FIG 6 .

Cholesterol accumulation in the PV increases PV acidity. PV pH was determined at 3 days postinfection using a ratiometric fluorescence assay of pH-sensitive Oregon Green dextran and pH-insensitive Alexa 647 dextran. (A) The pH in PVs from MEFs with cholesterol (average pH 4.5) was significantly more acidic than PVs from cholesterol-free MEFs (average pH 5.2). At least 10 PVs were measured in three separate experiments. The means ± SEM (error bars) from three individual experiments are shown. ****, P < 0.0001 as determined by two-tailed unpaired t test. (B) Average PV pH over 2 h in HeLa cells treated with DMSO or 5 µM U18666A. PVs were identified by microscopy and imaged prior to adding drug. While PV pH in DMSO-treated cells remained stable over the time course, PVs in U18666A-treated cells further acidified in the first 30 min. The average pH values at 30 min were 5.1 in DMSO-treated cells and 4.4 in U1666A-treated cells. Approximately 10 PVs were measured in each of two separate experiments, and individual traces are shown in Fig. S4 in the supplemental material.
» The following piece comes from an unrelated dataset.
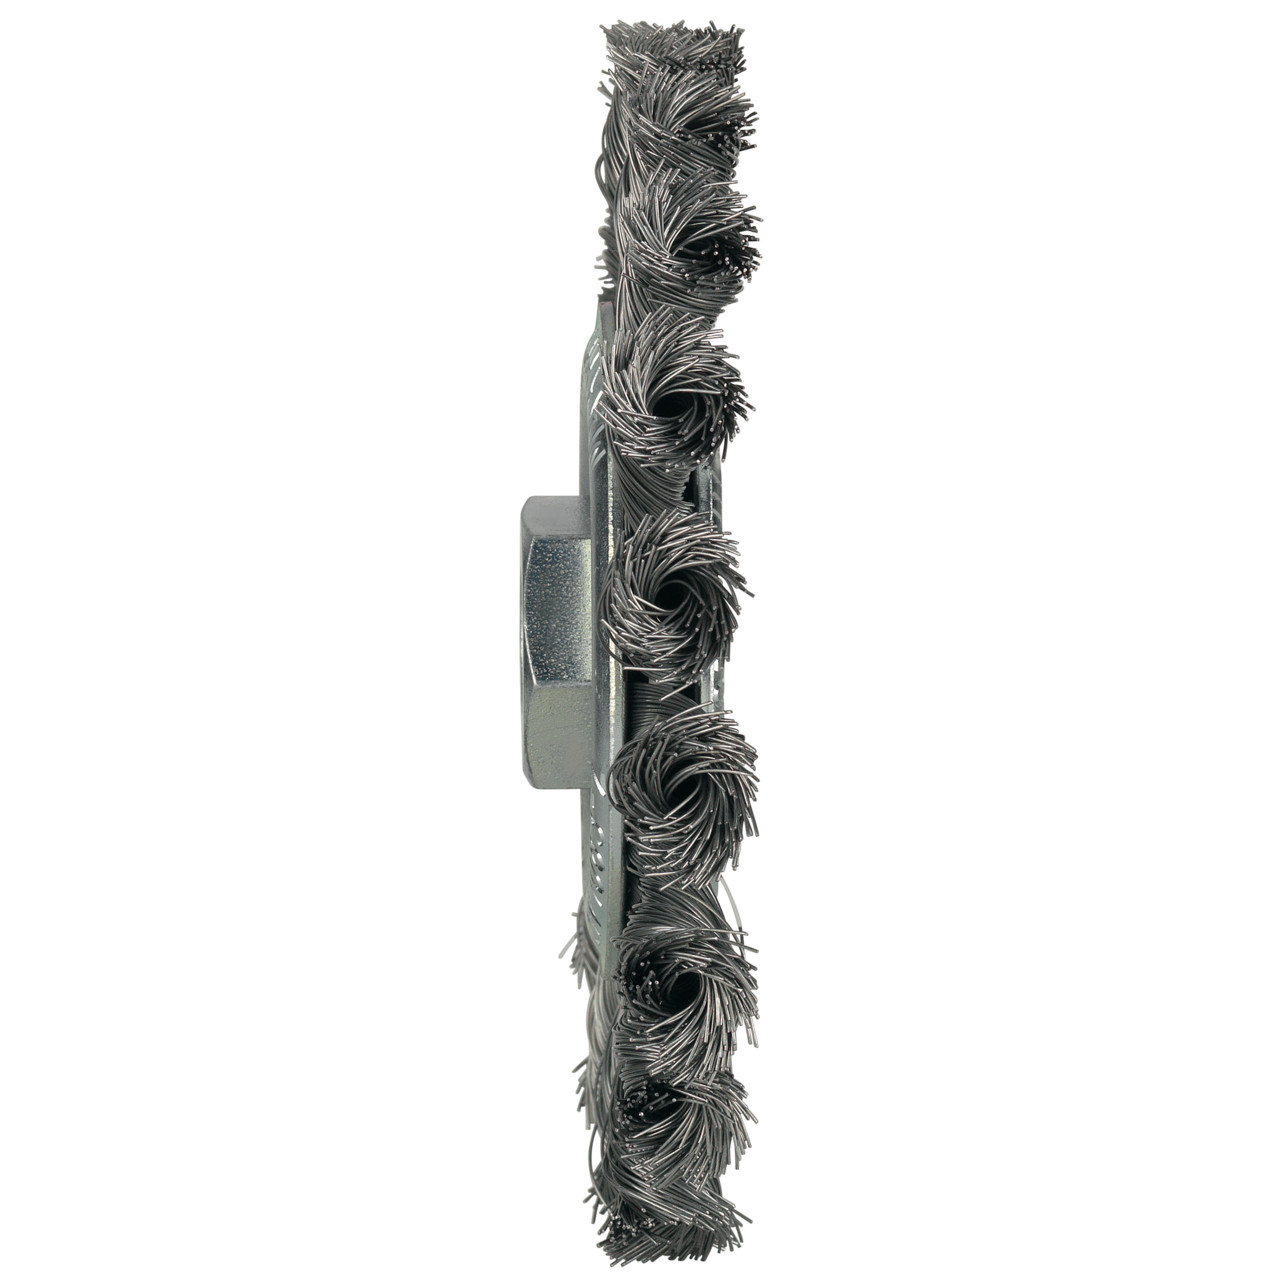 Tyrolit Cepillos para ruedas DxAxLxGE 115x11x23xM14 Para acero, forma: 1RDZ - (cepillo para ruedas), Art. 938680

The averages ± SD (error bars) are shown. All time points were significant (P < 0.0001). (C) C. burnetii-infected HeLa cells were treated with U18666A (1 µM or 5 µM) and/or the vATPase inhibitor bafilomycin A1 (100 nM) for 3 h. Bacterial viability, as measured by the FFU assay, is rescued in the presence of bafilomycin. The means plus SEM (error bars) from three individual experiments are shown. ****, P < 0.0001 for the value for U18666A treatment alone compared to the value for no treatment as determined by one-way ANOVA with Tukey’s posthoc test.